- _Material provided_

※

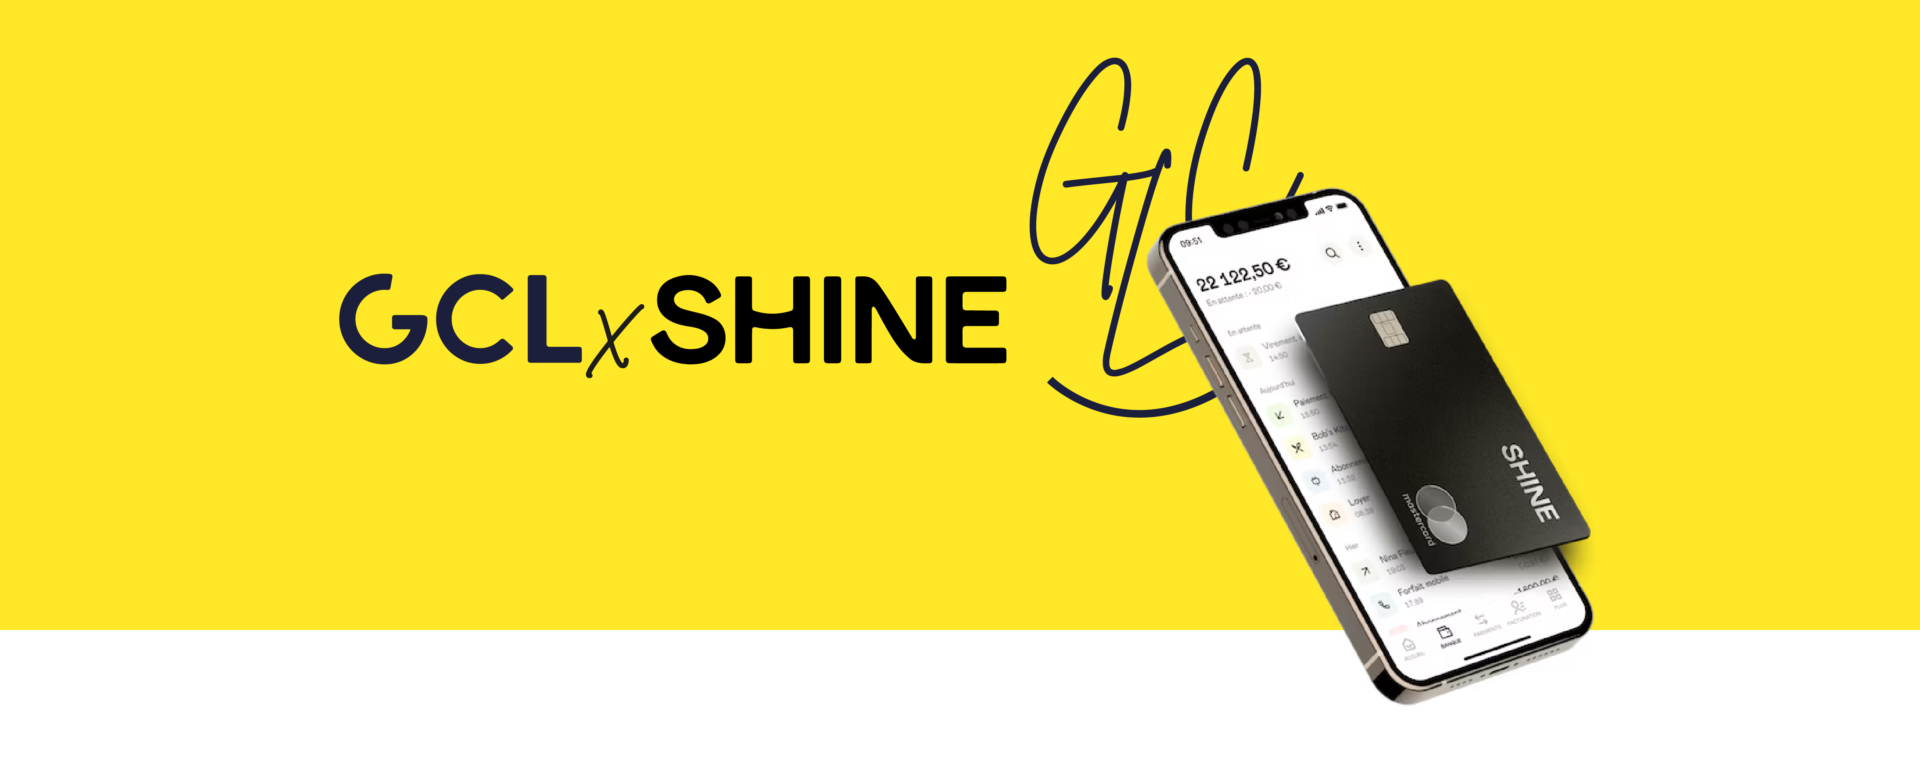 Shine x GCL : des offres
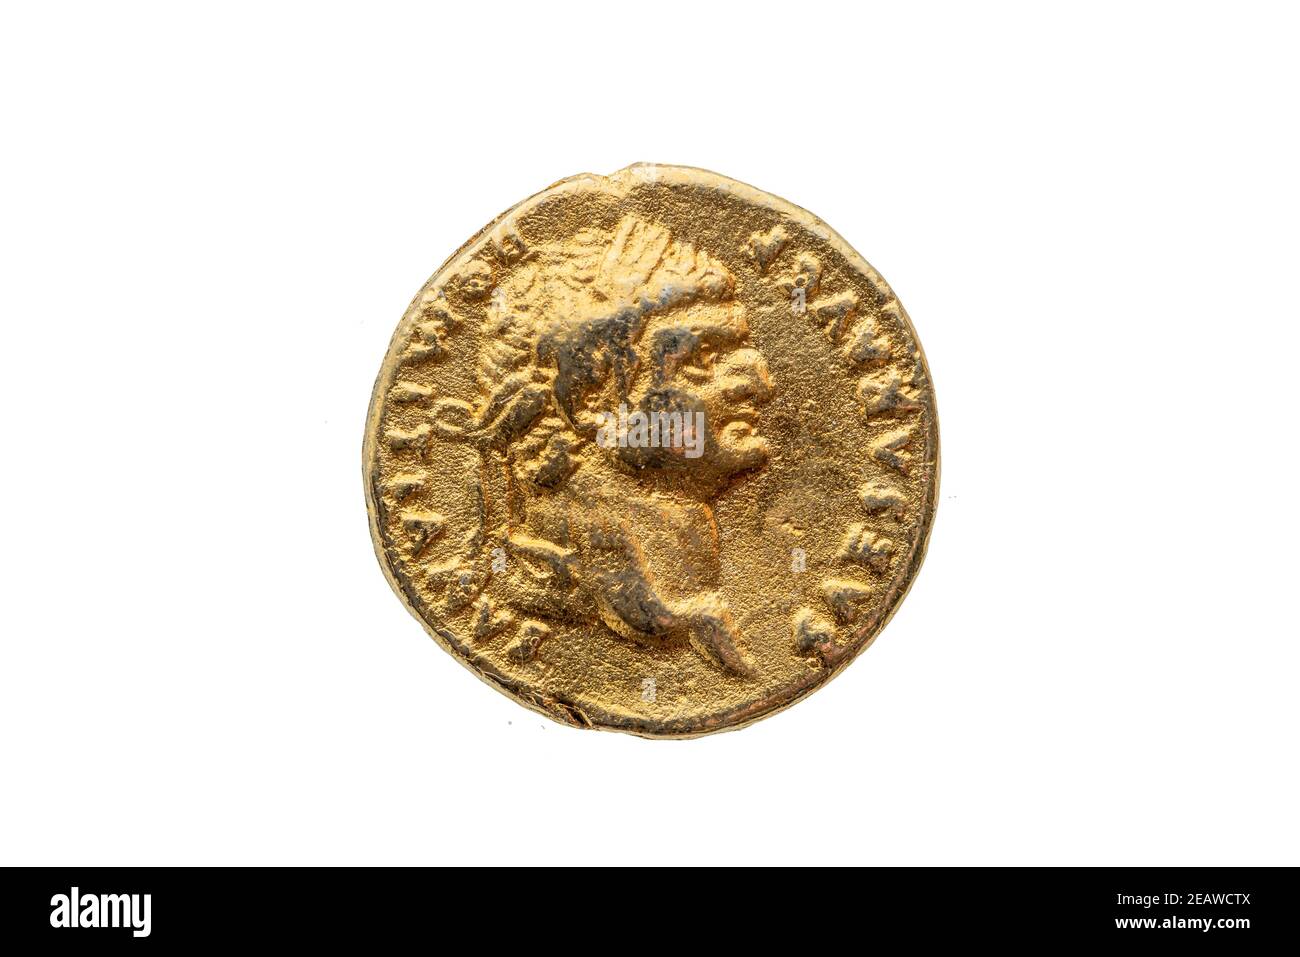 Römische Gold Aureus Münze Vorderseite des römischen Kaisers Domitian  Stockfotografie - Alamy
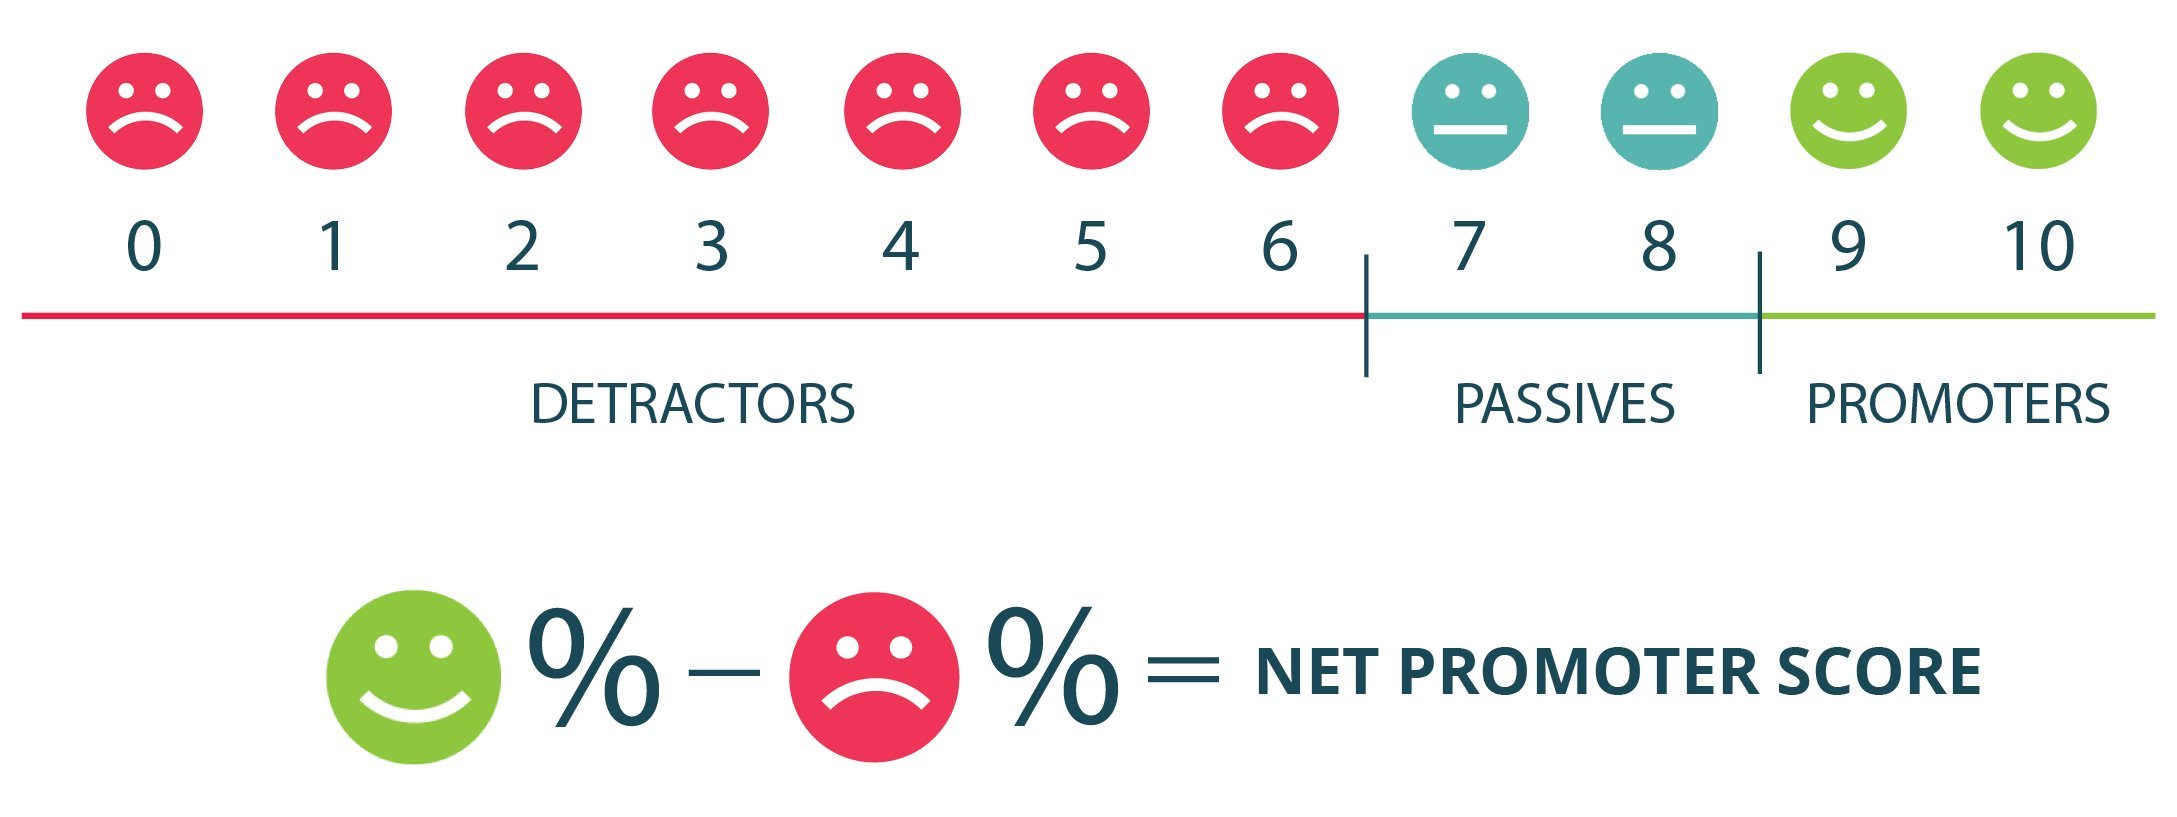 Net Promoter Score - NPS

※

- _Required action_
Output nothing but an exact retyping of the material, pictures excluded.

- _Output of the exercise_
 Shine x GCL : des offres
 Römische Gold Aureus Münze Vorderseite des römischen Kaisers Domitian  Stockfotografie - Alamy
 Net Promoter Score - NPS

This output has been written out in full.